The development of serodiagnostics and peptide vaccines to infectious diseases. NGPD is being applied in our research to epitope-map immune responses to disease, both antibody-mediated and cell-mediated, to improve diagnostics and develop novel peptide vaccines. Ongoing research is on Schmallenberg virus infection in ruminants which is known to cause large-scale outbreaks of foetal deformities across Europe. Our research is leading to the development of assays to differentiate vaccinated from infected animals (so-called DIVA tests). Fasciola hepatica infection of cattle and sheep, this parasite causes livestock mortality and reductions in productivity. Our research aims to develop novel multi-component vaccines. Salmonella infections of pigs and poultry. These infections place significant economic burdens on livestock industries and zoonotic serovars represent some of the most common foodborne pathogens affecting human health. Our research aims to identify peptide mimotopes to that can diagnose infection, including within a DIVA test. Eimeria infections of poultry. This parasite is the causal agent of coccidiosis, resulting in major economic losses in the poultry industry. We aim to develop rapid species-specific immunoassays to infections.
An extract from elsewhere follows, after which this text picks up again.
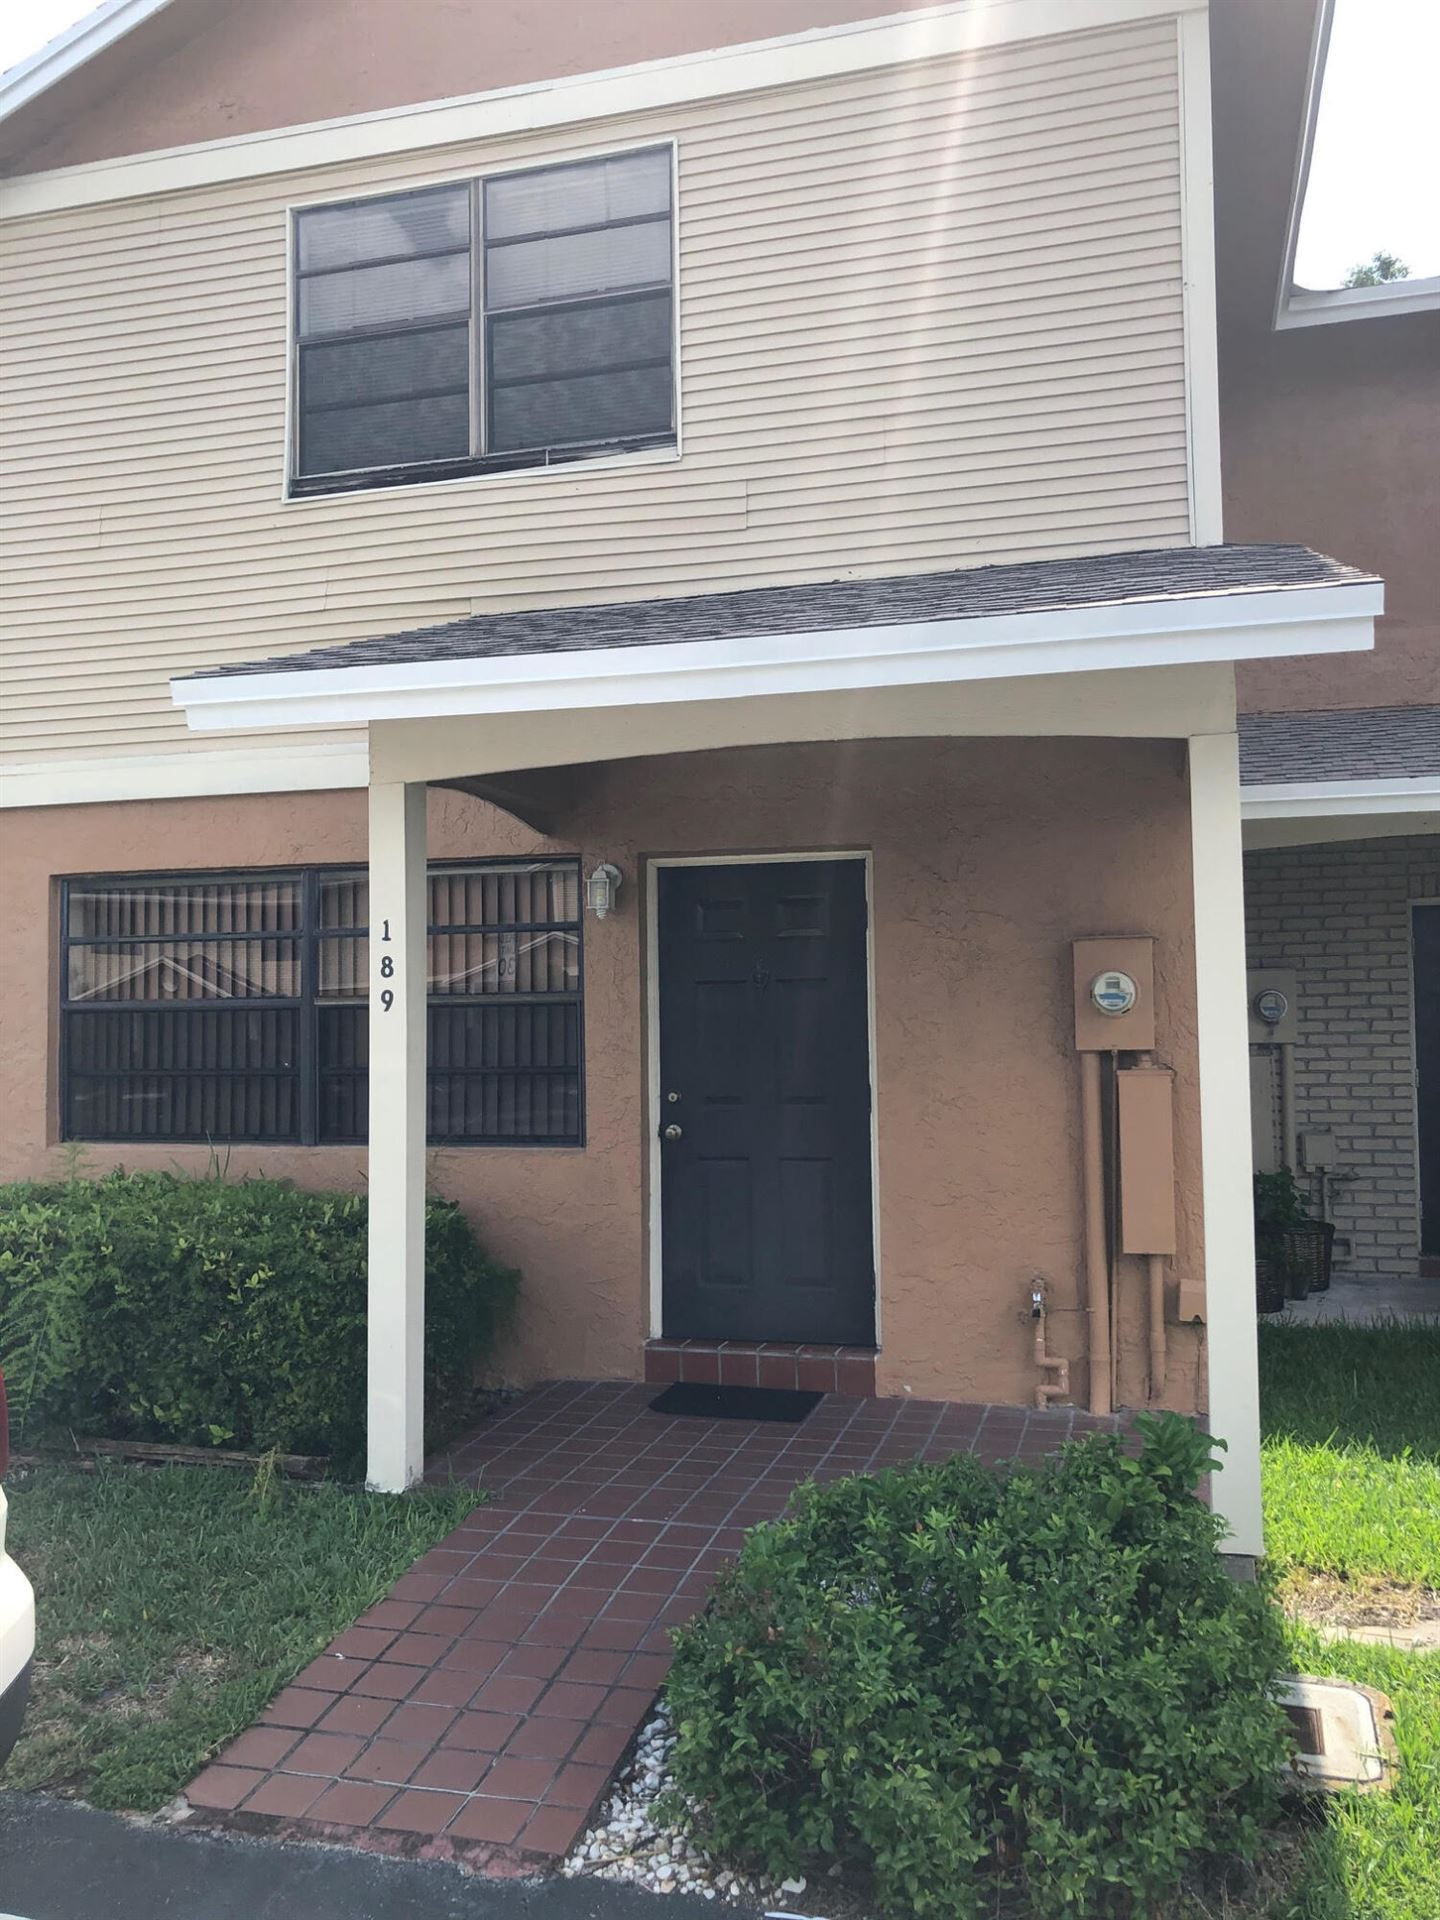 189 NW 106 Avenue, Pembroke Pines, FL 33026 - MLS#: RX-10716491

Targeting cancer. We are applying NGPD to map autoantibody responses to a range of cancers including kidney, pancreatic and endometrial cancers. The aim is to develop novel biomarkers. We are also applying the technique in conjunction with a cell penetrating peptide system to develop tumour-specific transduction cassette for efficient drug delivery.
eDNA detection for surveillance of wildlife species: We are applying real time PCR and Next Generation Sequencing methods to detect environmental DNA (eDNA) of wildlife species in aquatic environments. The research is primarily aimed at the detection of the Great Crested Newt, a protected species.